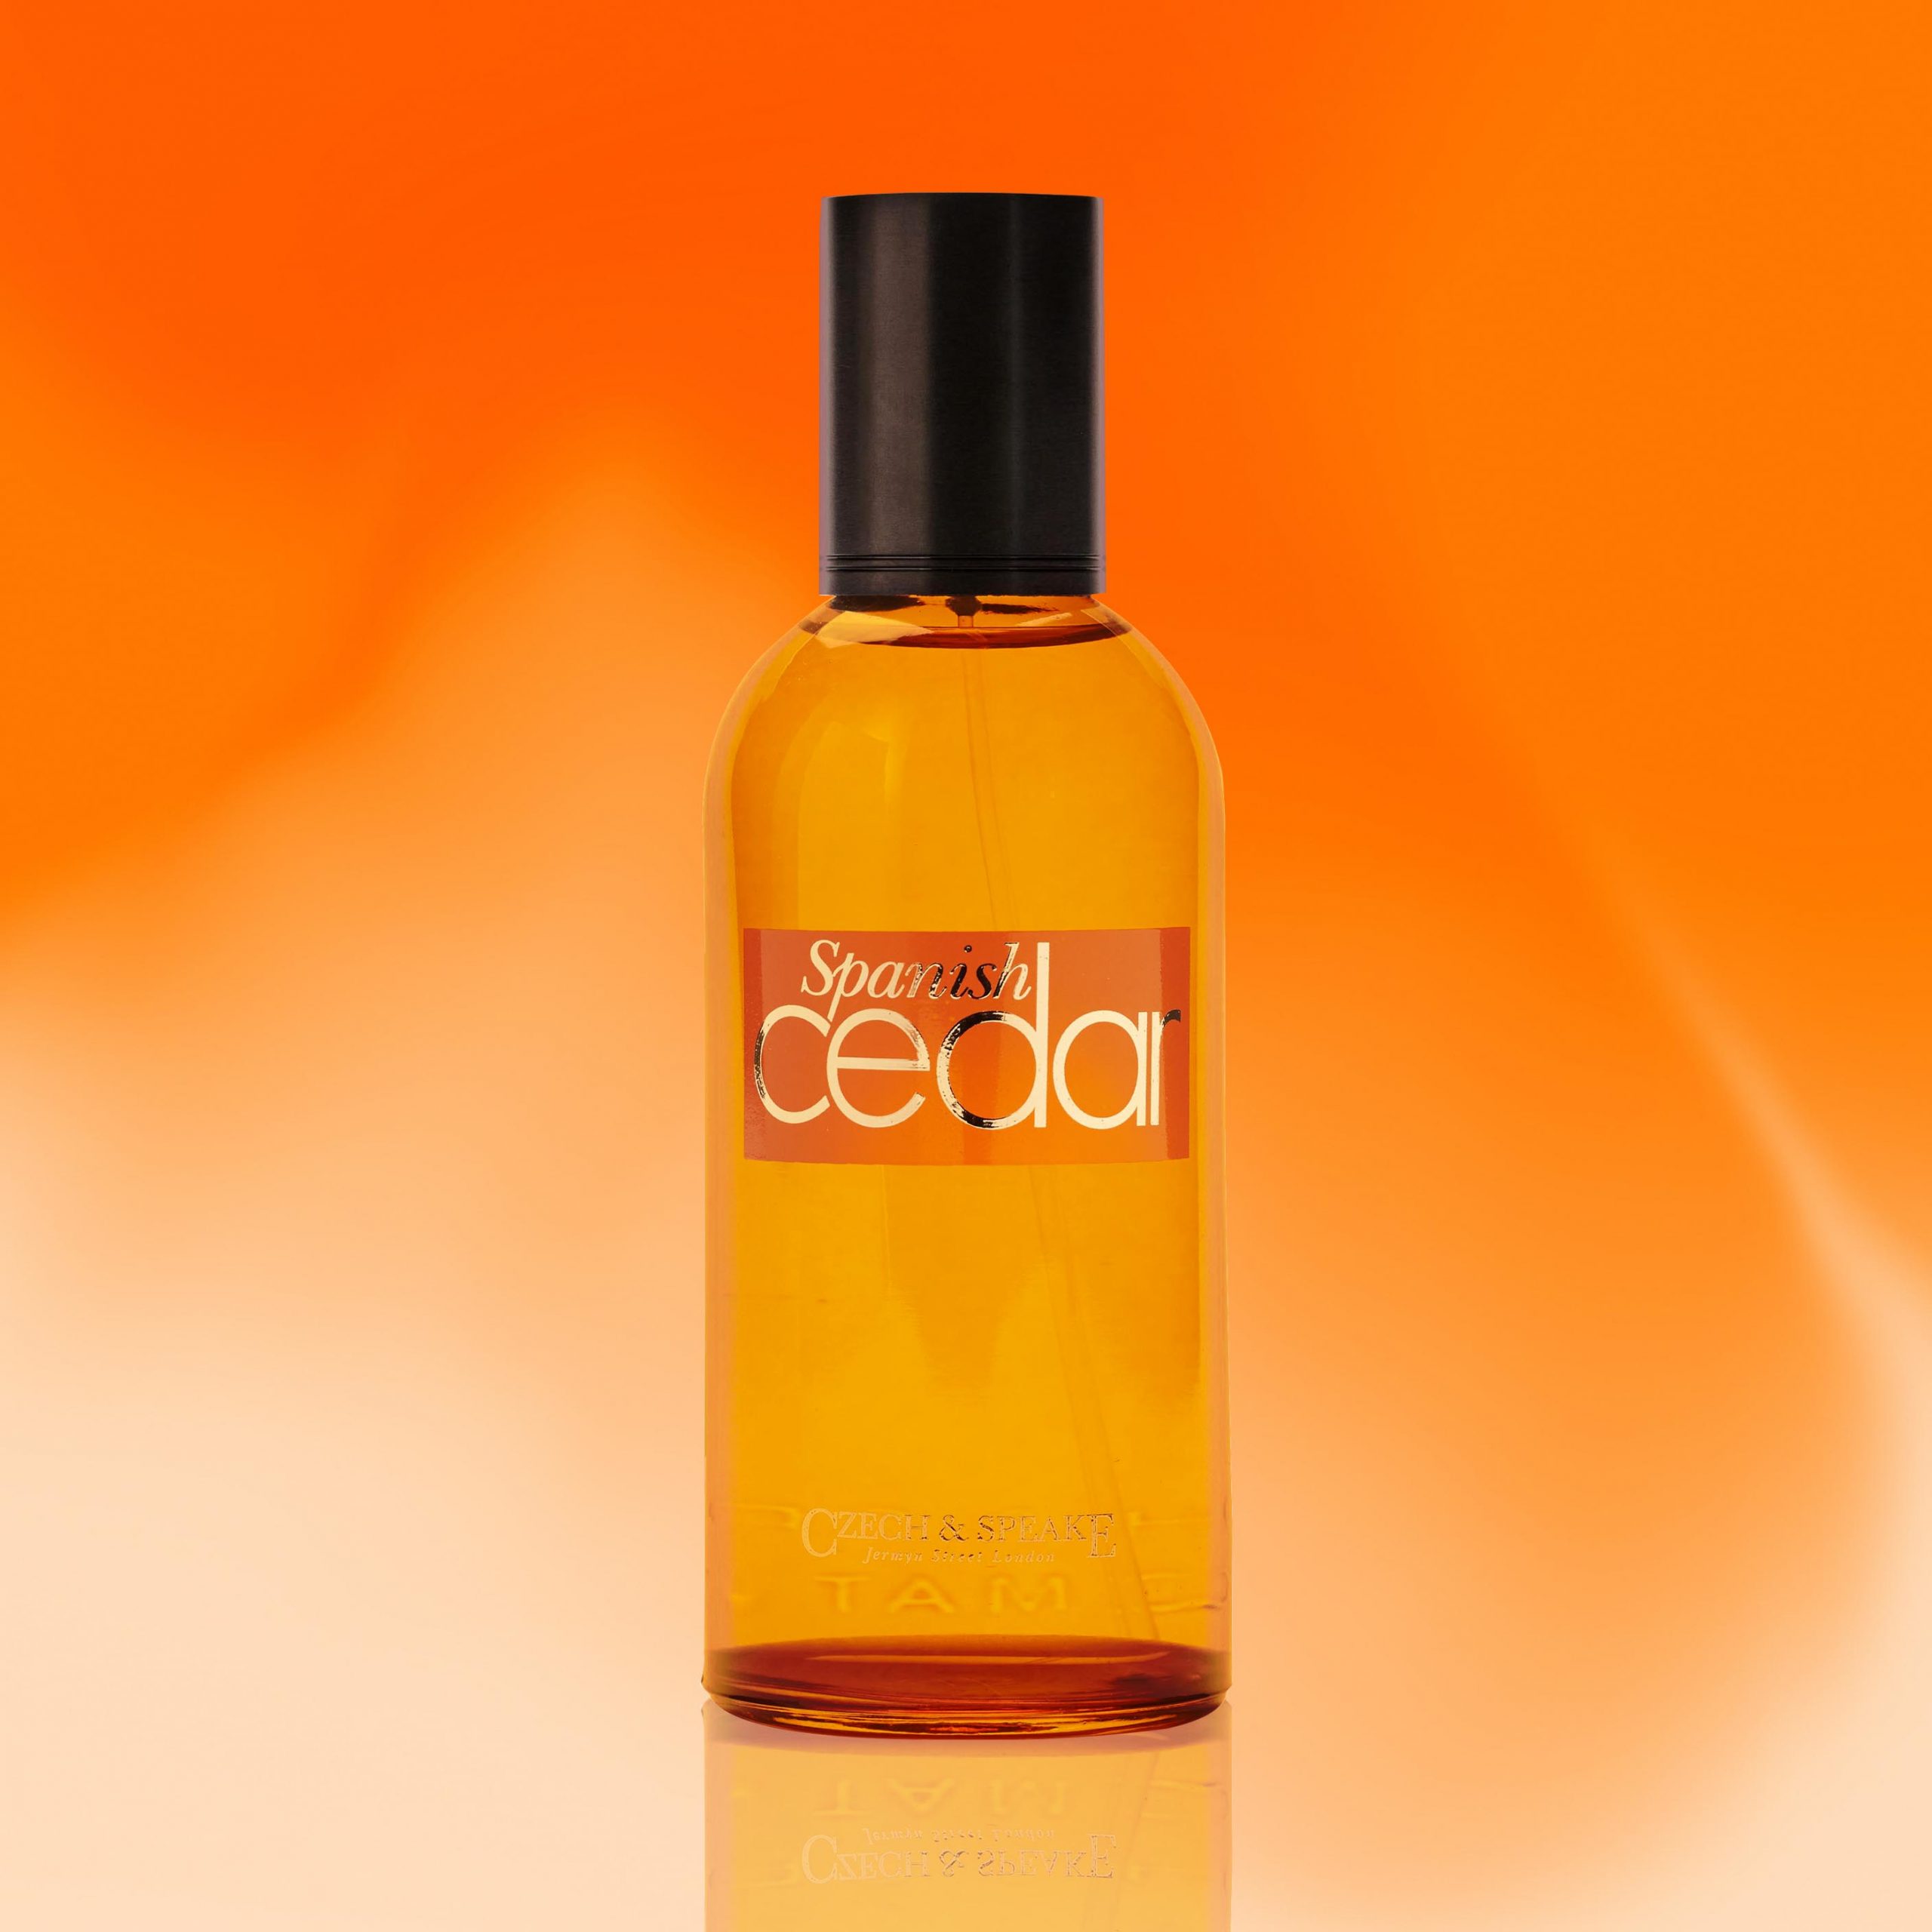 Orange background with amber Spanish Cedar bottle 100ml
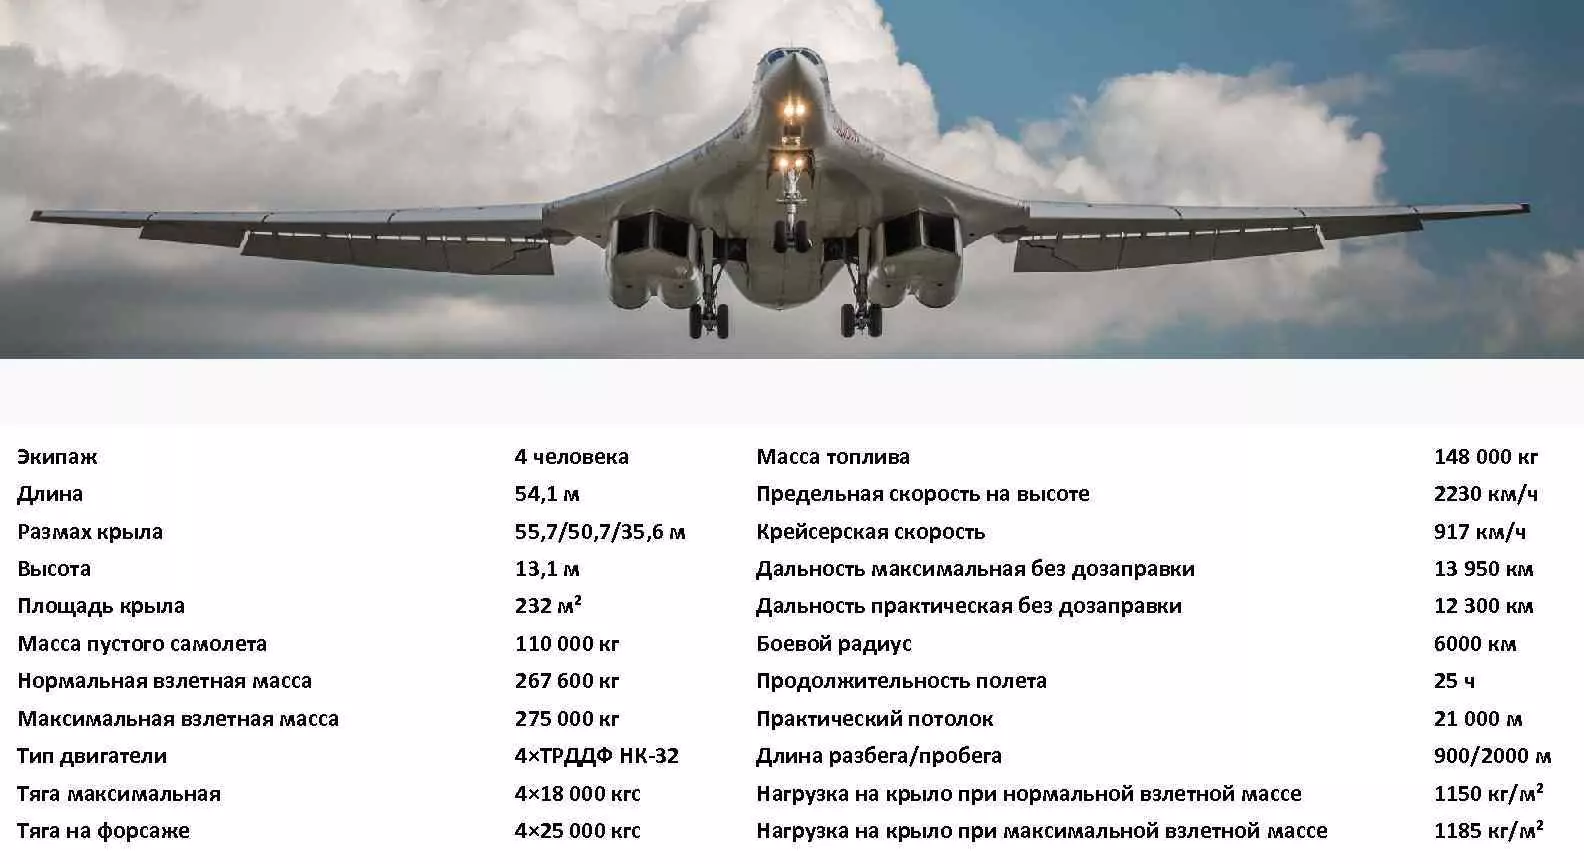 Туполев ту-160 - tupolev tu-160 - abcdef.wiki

...

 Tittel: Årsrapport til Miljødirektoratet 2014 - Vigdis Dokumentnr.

---

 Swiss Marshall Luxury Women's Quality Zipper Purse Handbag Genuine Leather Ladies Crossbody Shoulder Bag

**What is needed**
Look above for the line with "Orange background with" and the line with "Туполев ту-160 - tupolev", then restate exactly those two lines and all lines between them, with no pictures.

**Your response**
 Orange background with amber Spanish Cedar bottle 100ml
 Туполев ту-160 - tupolev tu-160 - abcdef.wiki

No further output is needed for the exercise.